((

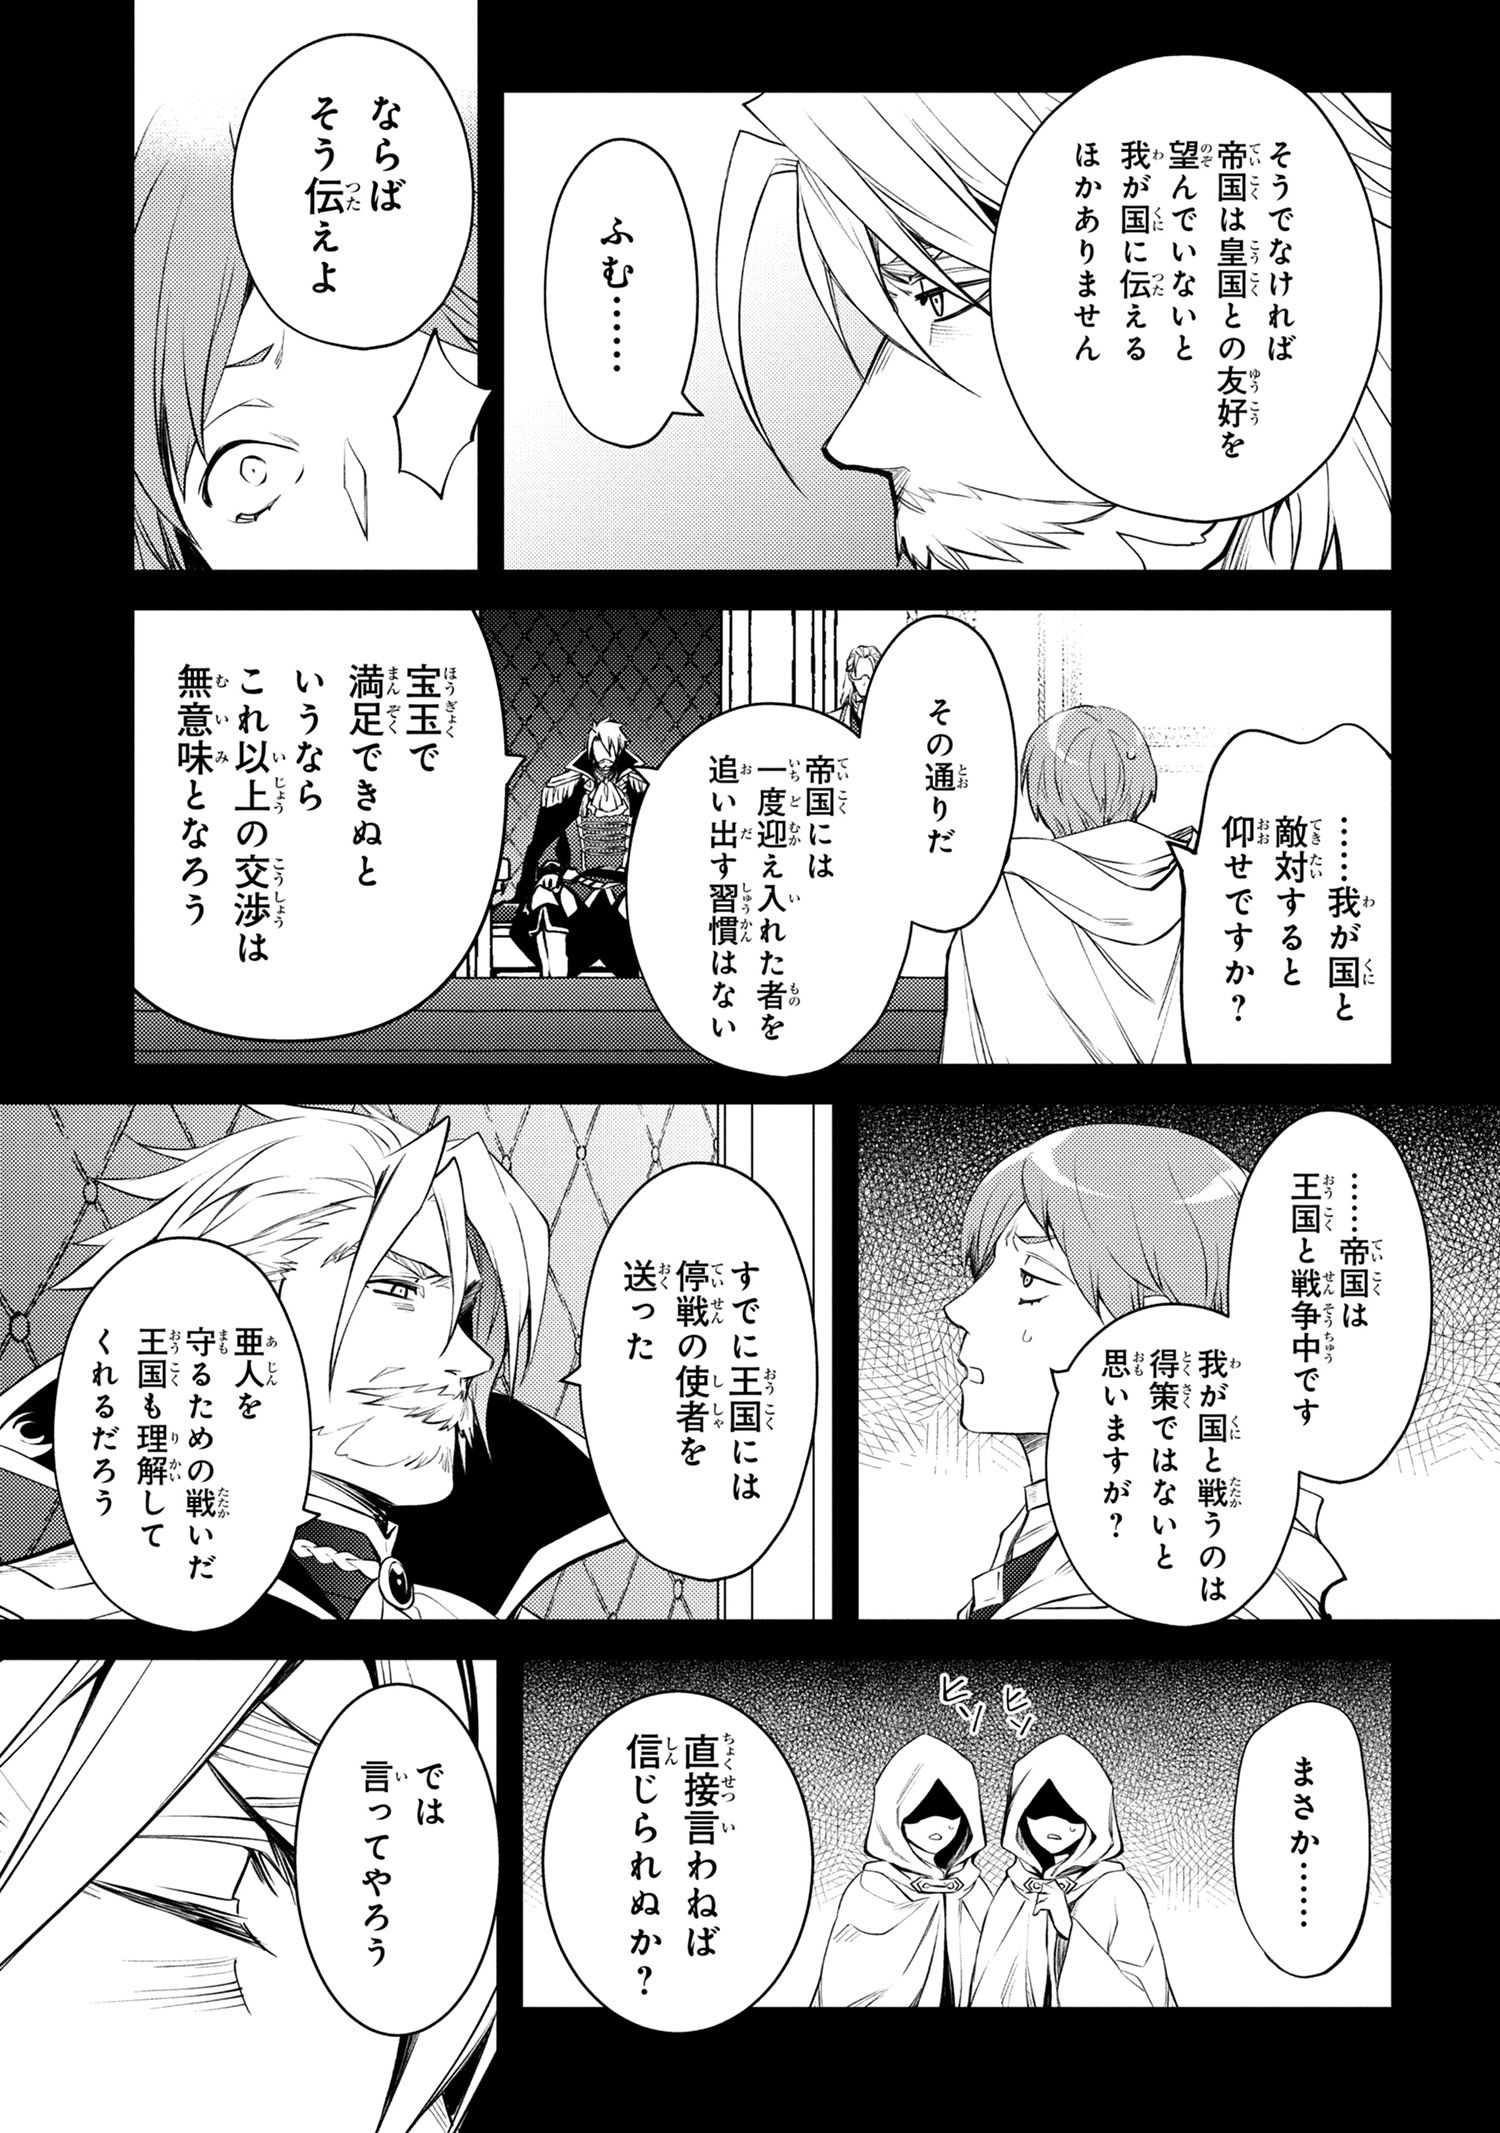 The Strongest Dull Prince’s Secret Battle for the Throne - Chapter 40.2 - Page 2
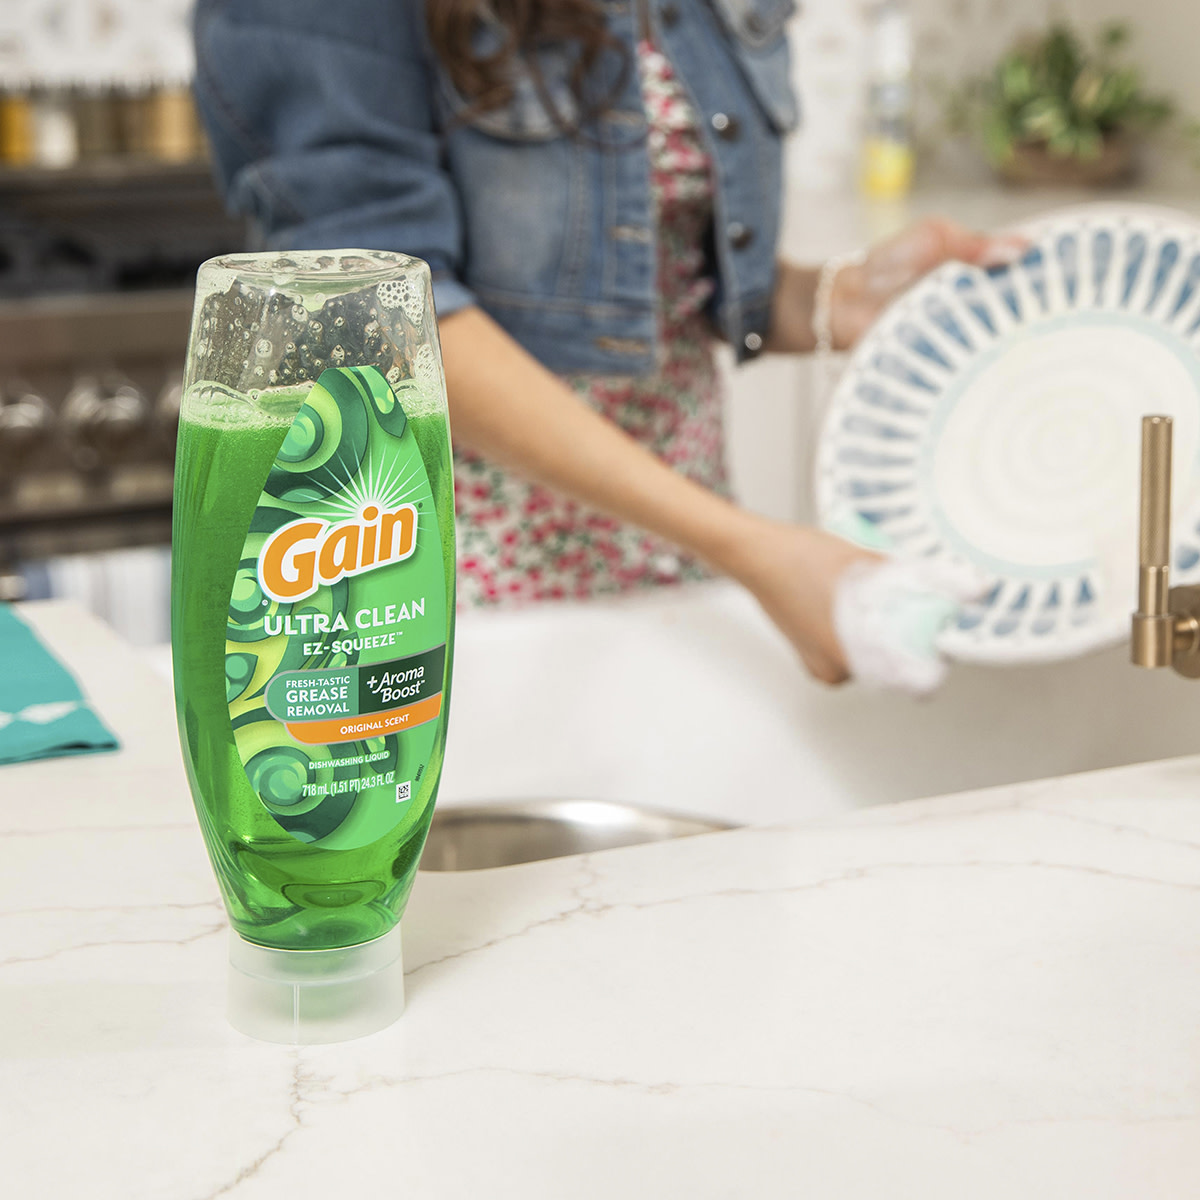 Gain Ultra Clean Ex-Squeeze in the kitchen while person is washing the dishes in background
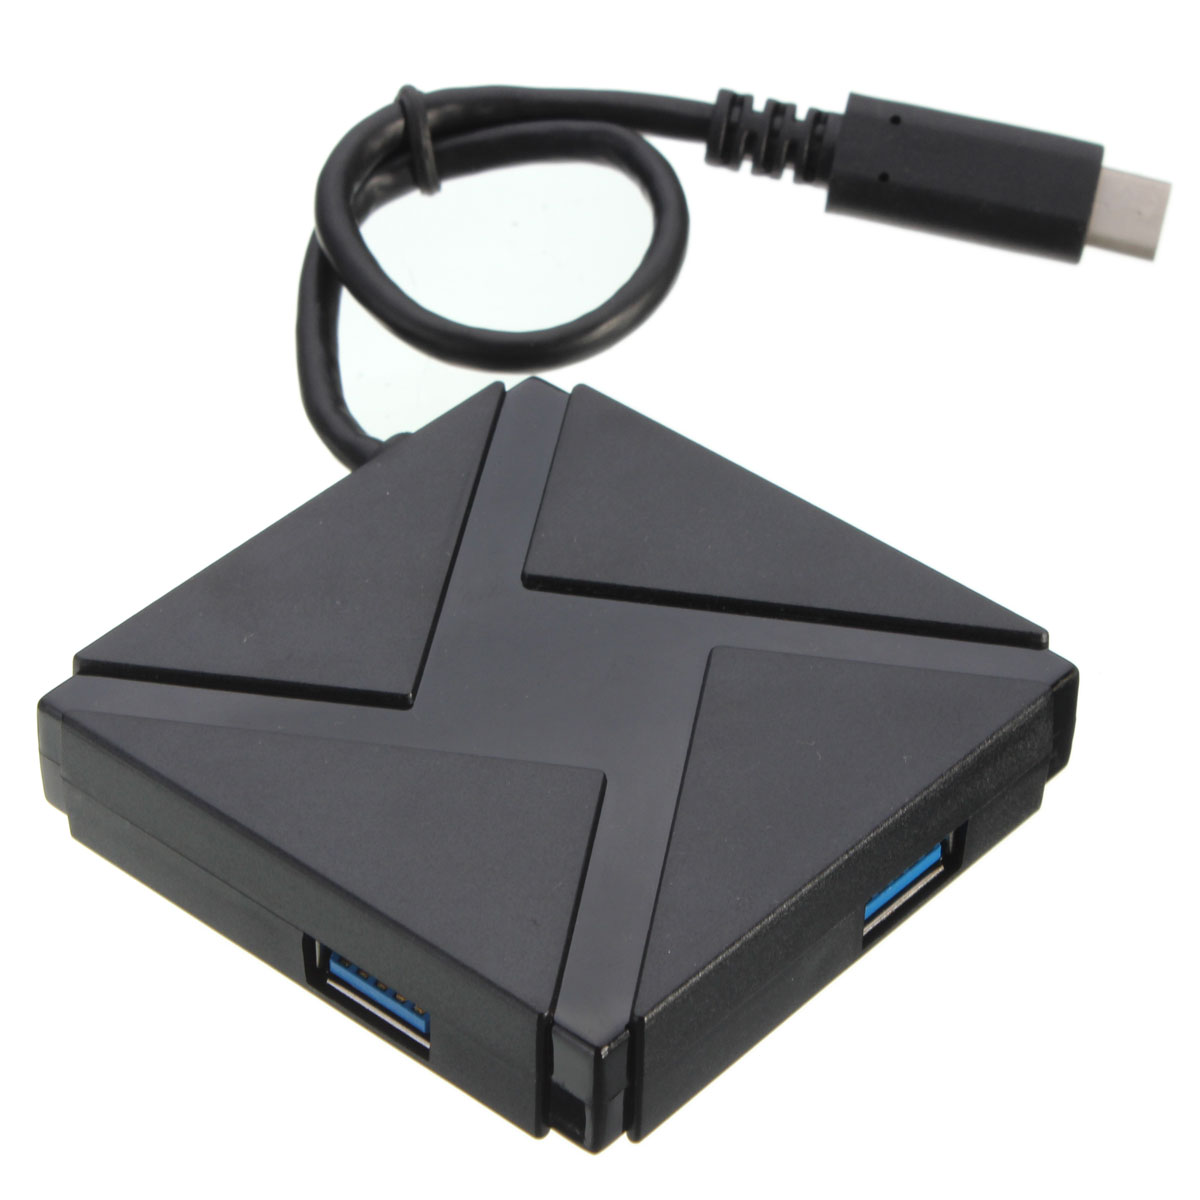 New-High-Speed-Type-C-Hub-USB-31--to-USB-30--4-USB-Ports-Tub-Type-C-Converter-For-Apple-For-Macboo-1259821

))

**Your task**
Please make an exact copy of the whole listing and leave out its pictures.

**Response area**
 The Strongest Dull Prince’s Secret Battle for the Throne - Chapter 40.2 - Page 2
 Gain Ultra Clean Ex-Squeeze in the kitchen while person is washing the dishes in background
 New-High-Speed-Type-C-Hub-USB-31--to-USB-30--4-USB-Ports-Tub-Type-C-Converter-For-Apple-For-Macboo-1259821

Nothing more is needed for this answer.